Double Cruise Journey via the Suez Canal travel blog


We drove out of the city and into the desert. Herds of camels that are raised for food and racing. A good racer can cost as much as a quarter million. Among them goats and sheep. They wander free, but the camels have their front legs cobbled so they don’t wander too far.

Water is from underground aqueducts. The mountains, which are barren of vegetation, have veins of granite running through them. That look like frozen lava. As we got closer to our destination the mountains were all sandstone.

Our first stop was a small town with a souvenir store, restaurant, and rest rooms. The third item was the most important having been on the bus 3 hrs at this point. They took everyone’s money, Dinar,US,Euros, and Canadian.

As we continued to drive through the desert we heard the story of the Bedouin’s. They were nomads that lived in the desert without citizenship in Jordan. Their children had no schooling. Jordan told them they would feed their children if they sent them to school. They would feed the parents if they would take them and pick them up from school. They thought it was too far so moved there tents closer to the school. Then they were told we will build you houses if you would become citizens.
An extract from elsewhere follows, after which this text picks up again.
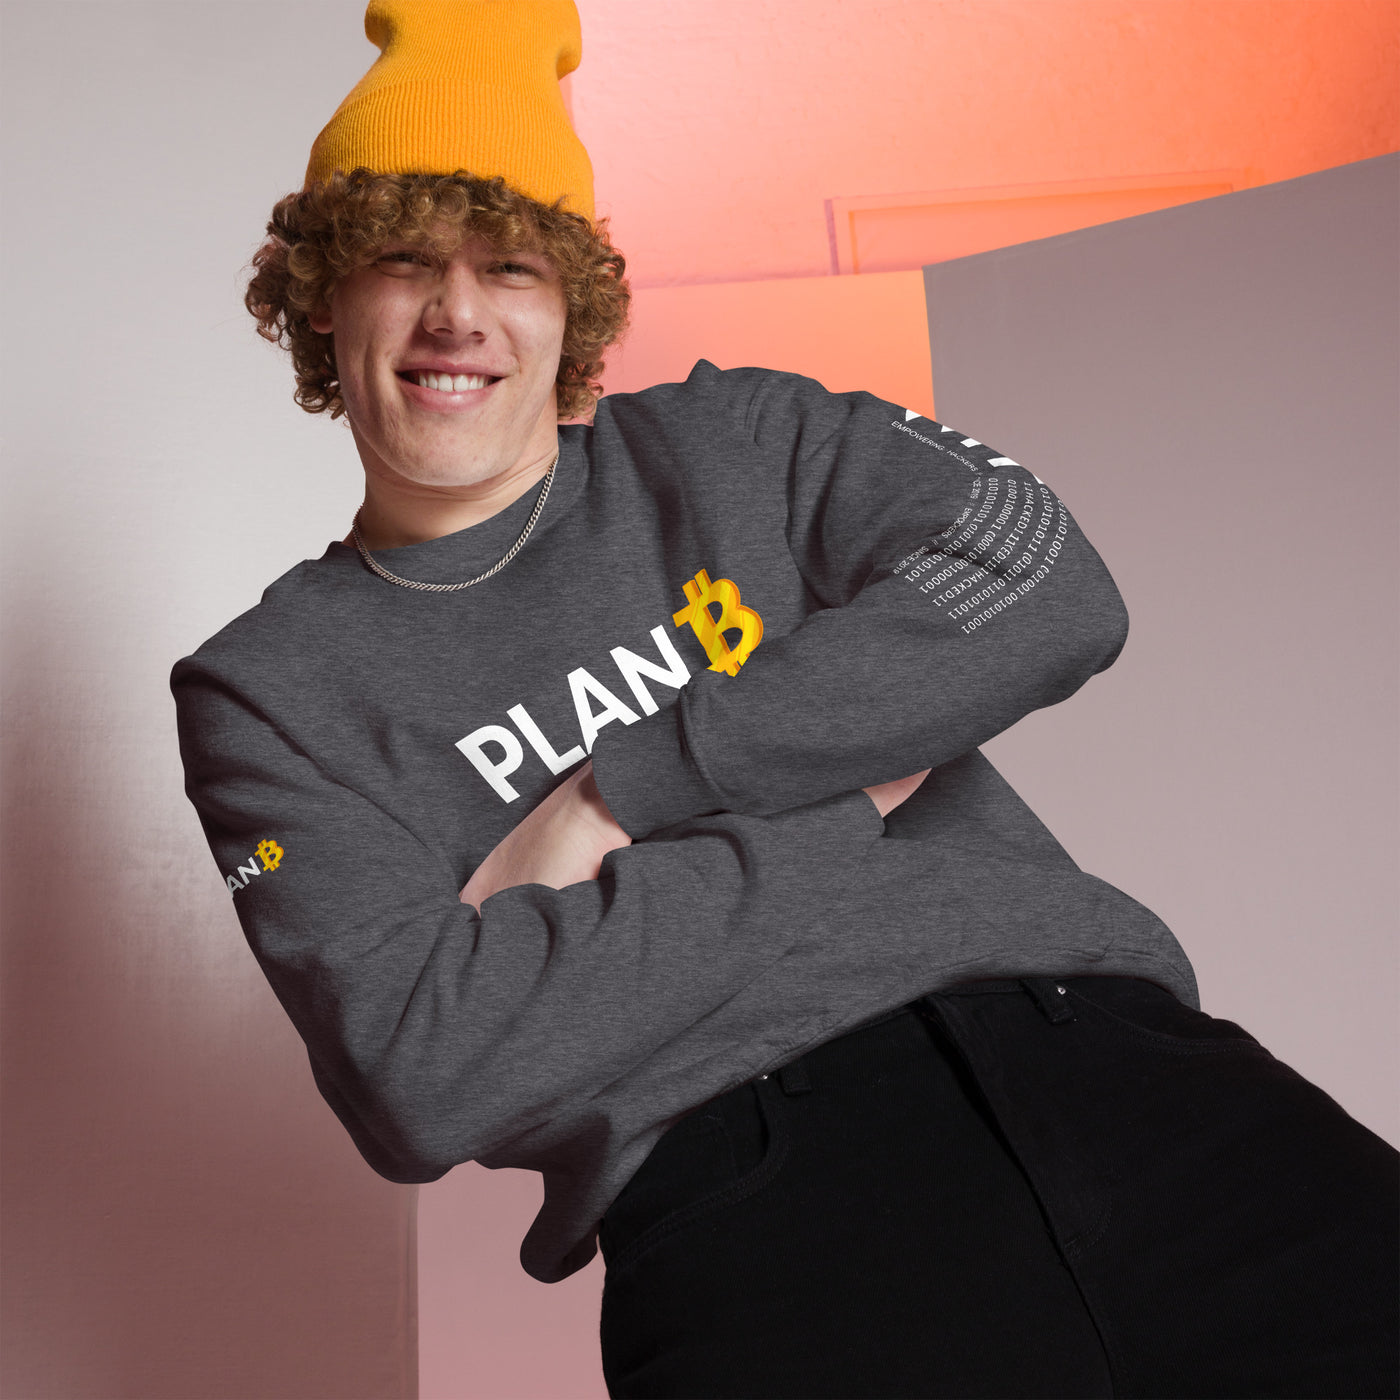 Plan B v1 - Unisex Sweatshirt

The guild said “sounds easy” all for free but it was done over several decades. Many put their animals in the house and still slept in their tents. The place we stopped earlier was a Bedouin settlement.

We are going to the Wadi Rum National park to eat a traditional Bedouin lunch in a tent out in the desert. It was a spectacular set up. As we lined up to go through the food line a young man was making bread stretched like thin pizza dough put over a dome on a barrel to cook. A piece was placed on each plate. As we went through the line some items we knew and some we didn’t. A taste of everything was my motto. D too. Some items we would have liked more of some not so much.
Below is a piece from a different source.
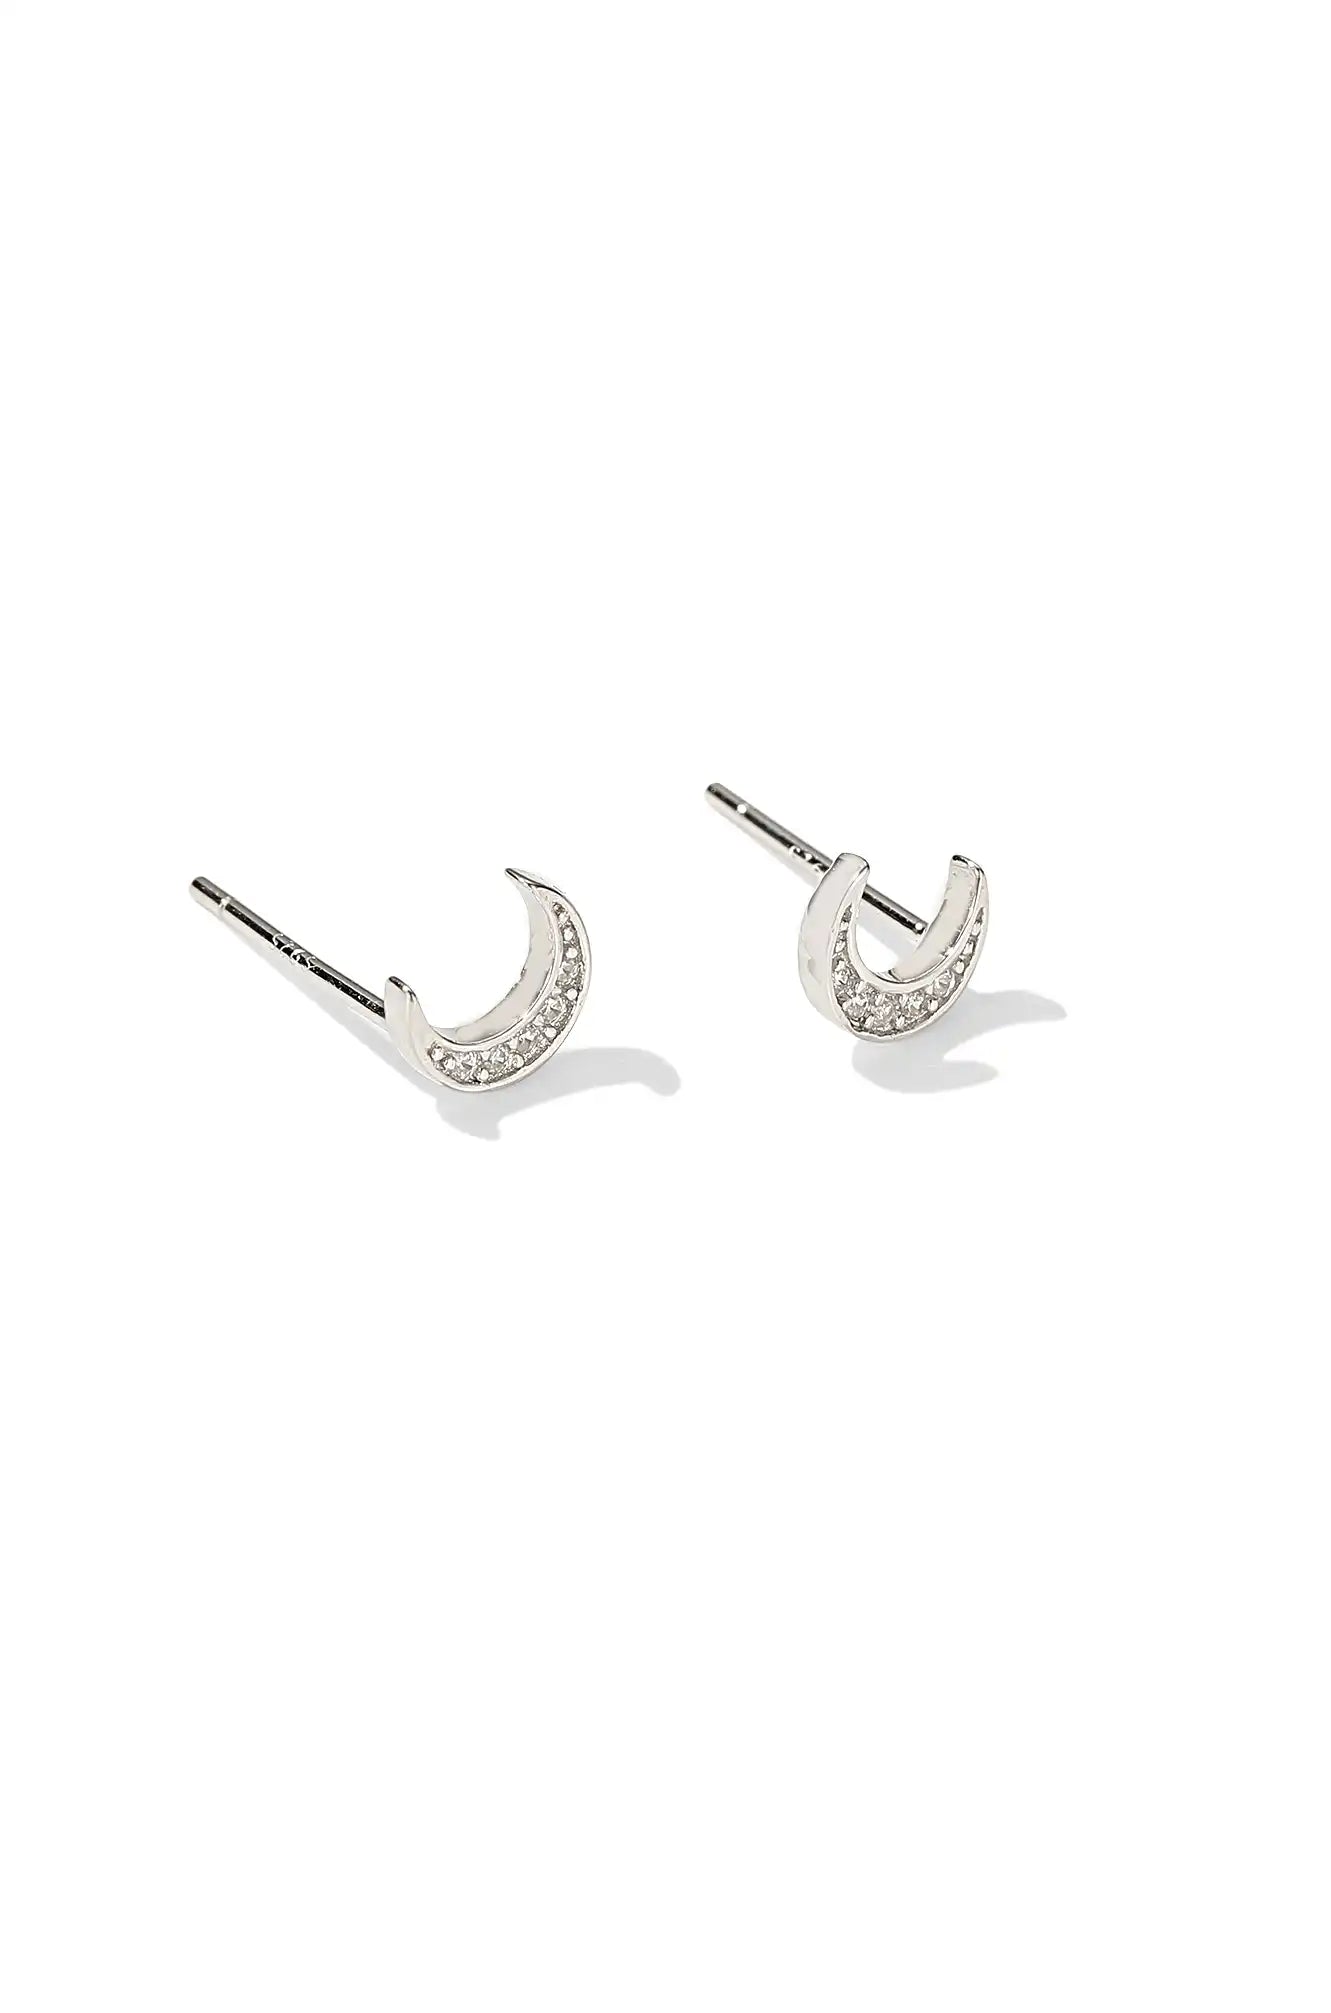 Chibiusa Moon Earrings

Purple sticks turned out to be picked jicama with a bite to it. Hummus, mustard ground of seed, very pungent, saffron rice, pasta with spinach, onion cabbage slaw with a mild taste, goat, lamb kabobs, and chicken.

There was hot tea or water and sesame cookies.

You can stay over night at this camp and live the Bedouin life for a night or a week. From what we saw the tents were all rented. We returned through the desert happy, tired, and fed.